The NPR story is correct that GINA (the Genetic Information Nondiscrimination Act of 2008) does not protect consumers against genetic discrimination when they purchase life or long-term care insurance. However, the story appears to mischaracterize the causal chain of events in this case: Snyder’s prohibitively high life insurance rate did not result from the discovery of risk alleles in his genome; it resulted from an old-fashioned medical diagnosis of diabetes by his physician based on clinical tests that showed high levels of diabetes-specific biomarkers (2).

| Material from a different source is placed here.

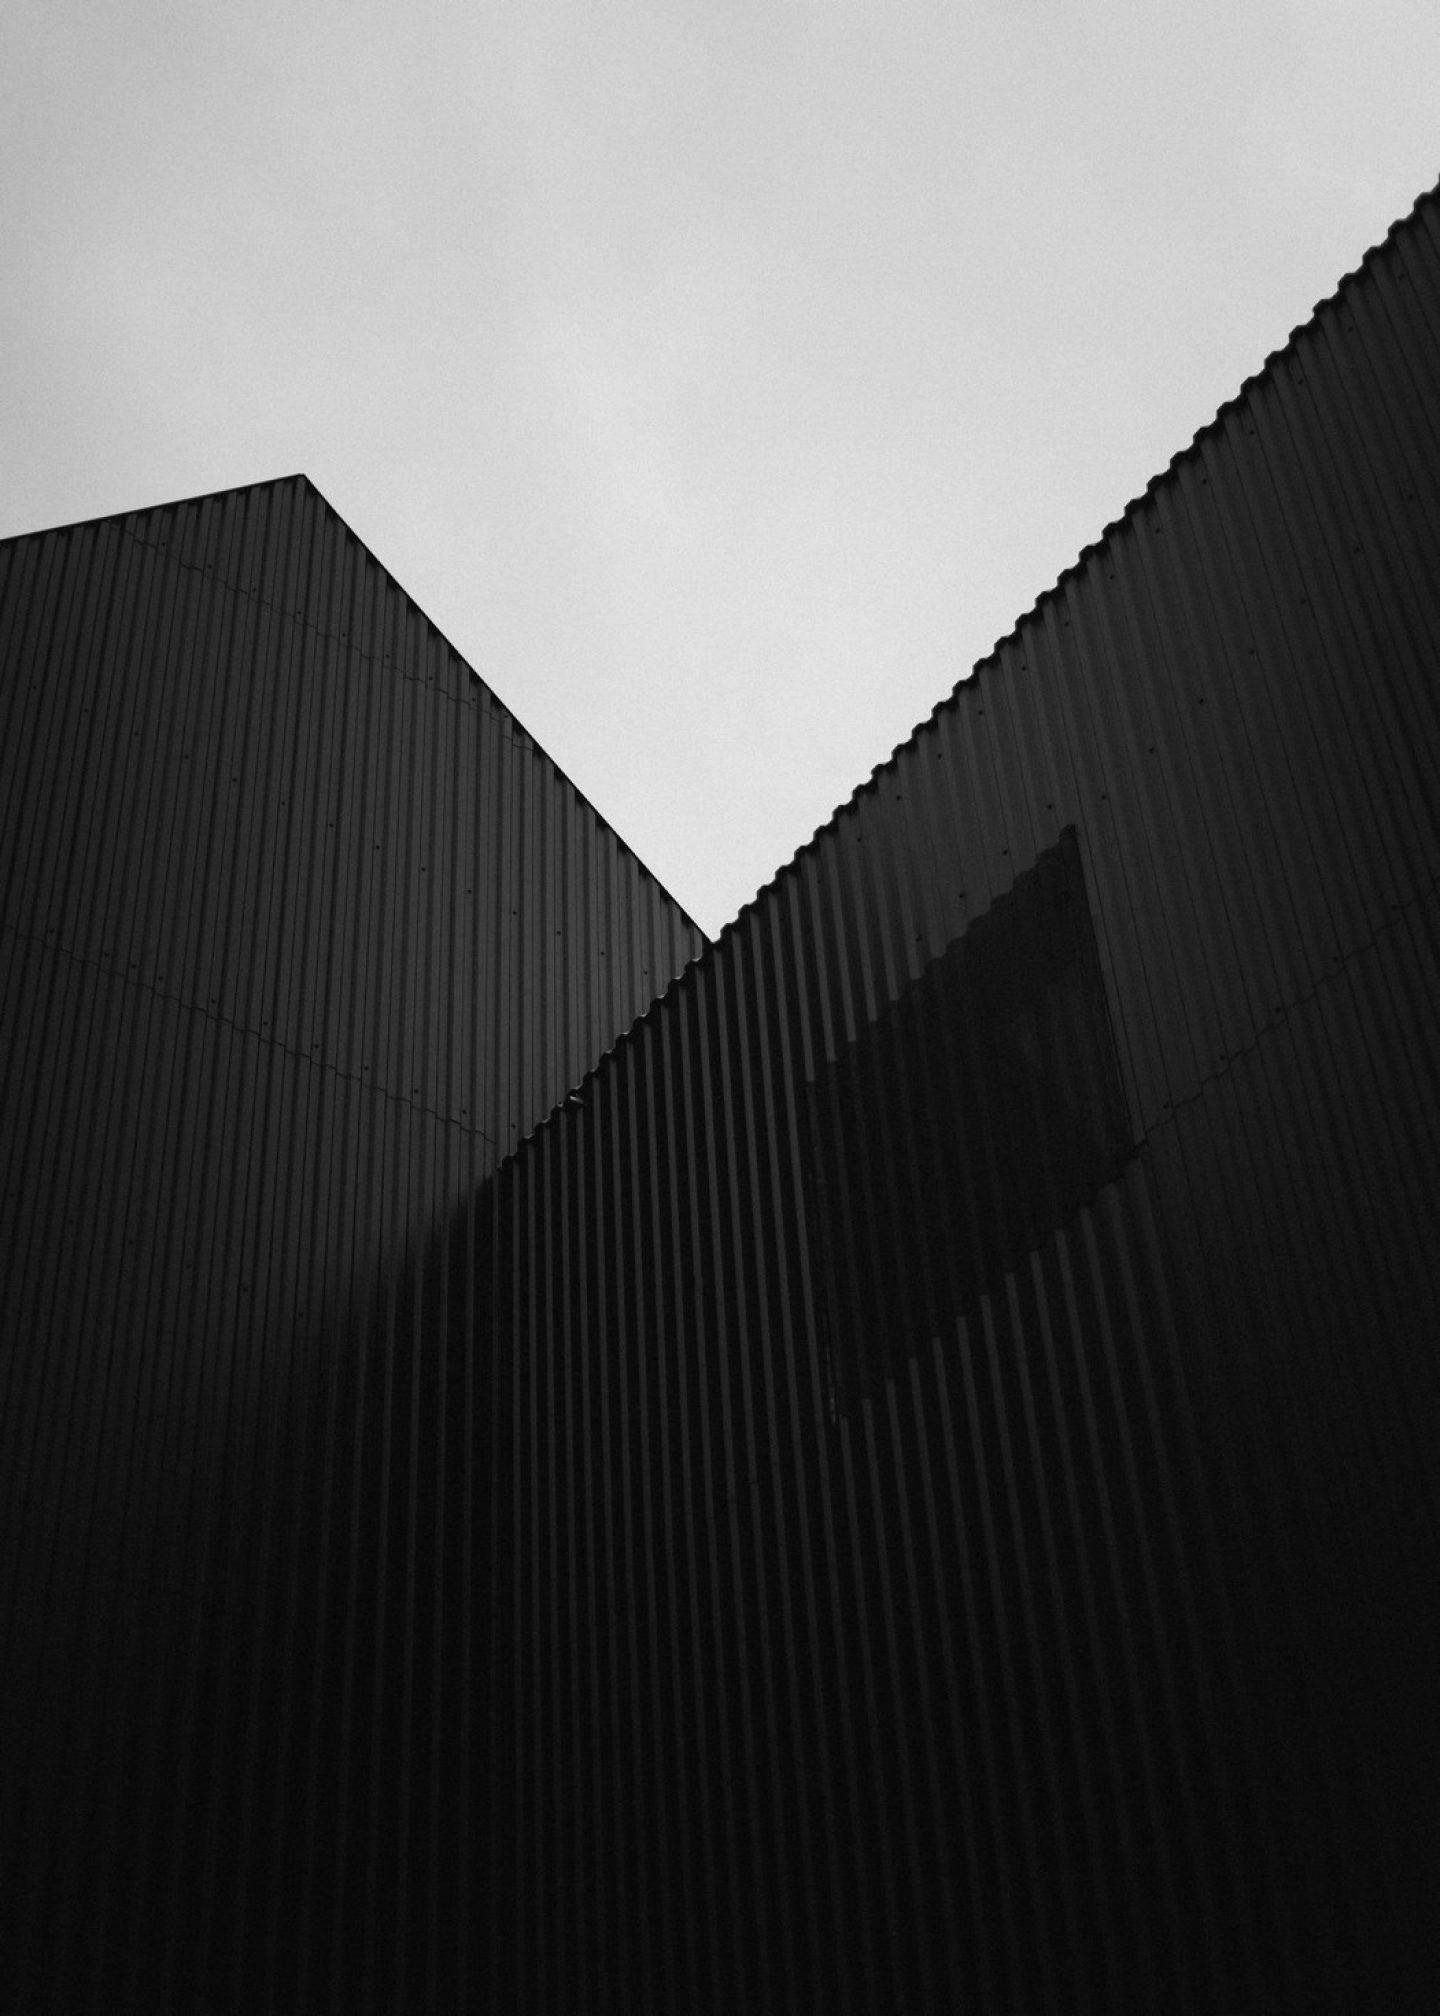 kim_holtermand_architecture-1-kopiowanie

And despite his insurance problem, Professor Snyder believes genomic self discovery is more positive than negative and that his genome sequence helped him deal with his diabetes in a timely fashion.
It is fairly obvious why Snyder and his family would be happy with the present biomedical outcome but here is something that isn’t quite as obvious: his frequent testing helped him to chart a data-guided course to recovery, but it also made detection of his transiently elevated glucose much more likely than, say, annual testing. A reasonable estimate is that it made it about twice as likely since he had elevated glucose for about four months and sub-threshold levels for the remaining 8 months of the year. So, in addition to potential benefits, there might be a downside to extremely frequent, elective testing.
Professor Snyder’s story reminds us that the builders and first travelers on the road to data-driven healthcare occasionally experience remarkable and previously unknown vistas of self determination, but they also face uncertainty and risk. Many risks can be avoided or managed, but science is often a murky business and news reports on these difficult topics can be misleading, further obscuring the way forward. Our loved ones’ anxieties are heightened by the occasional fog of confusion—triggering emails or discussions of concern, or even alarm. But now that we see the relevant facts in this case—and the red flag posted clearly over one hazard in the road—we also can see ahead more clearly as we push on toward the greater goals of this unprecedented collective experiment.
References and Footnotes
1) Personal omics profiling reveals dynamic molecular and medical phenotypes. Chen R, Mias GI, Li-Pook-Than J, Jiang L, Lam HY, Chen R, Miriami E, Karczewski KJ, Hariharan M, Dewey FE, Cheng Y, Clark MJ, Im H, Habegger L, Balasubramanian S, O’Huallachain M, Dudley JT, Hillenmeyer S, Haraksingh R, Sharon D, Euskirchen G, Lacroute P, Bettinger K, Boyle AP, Kasowski M, Grubert F, Seki S, Garcia M, Whirl-Carrillo M, Gallardo M, Blasco MA, Greenberg PL, Snyder P, Klein TE, Altman RB, Butte AJ, Ashley EA, Gerstein M, Nadeau KC, Tang H, Snyder M. Cell. 2012 Mar 16;148(6):1293-307. PMID: 22424236
2) It is important for PGP participants to understand that PGP-generated data and reports are not equivalent to a clinical test and, according to the PGP consent form “are never intended to substitute in any way for professional medical advice, diagnosis or treatment. You may not use any PGP-generated report or any other PGP-supplied data or results for any medical or clinical purpose until you have confirmed the relevant sequence, data, interpretations and/or findings with a licensed healthcare professional.” Nevertheless, just because these data and reports are not clinical diagnoses doesn’t guarantee that they can’t or won’t be used to make decisions that might adversely affect you.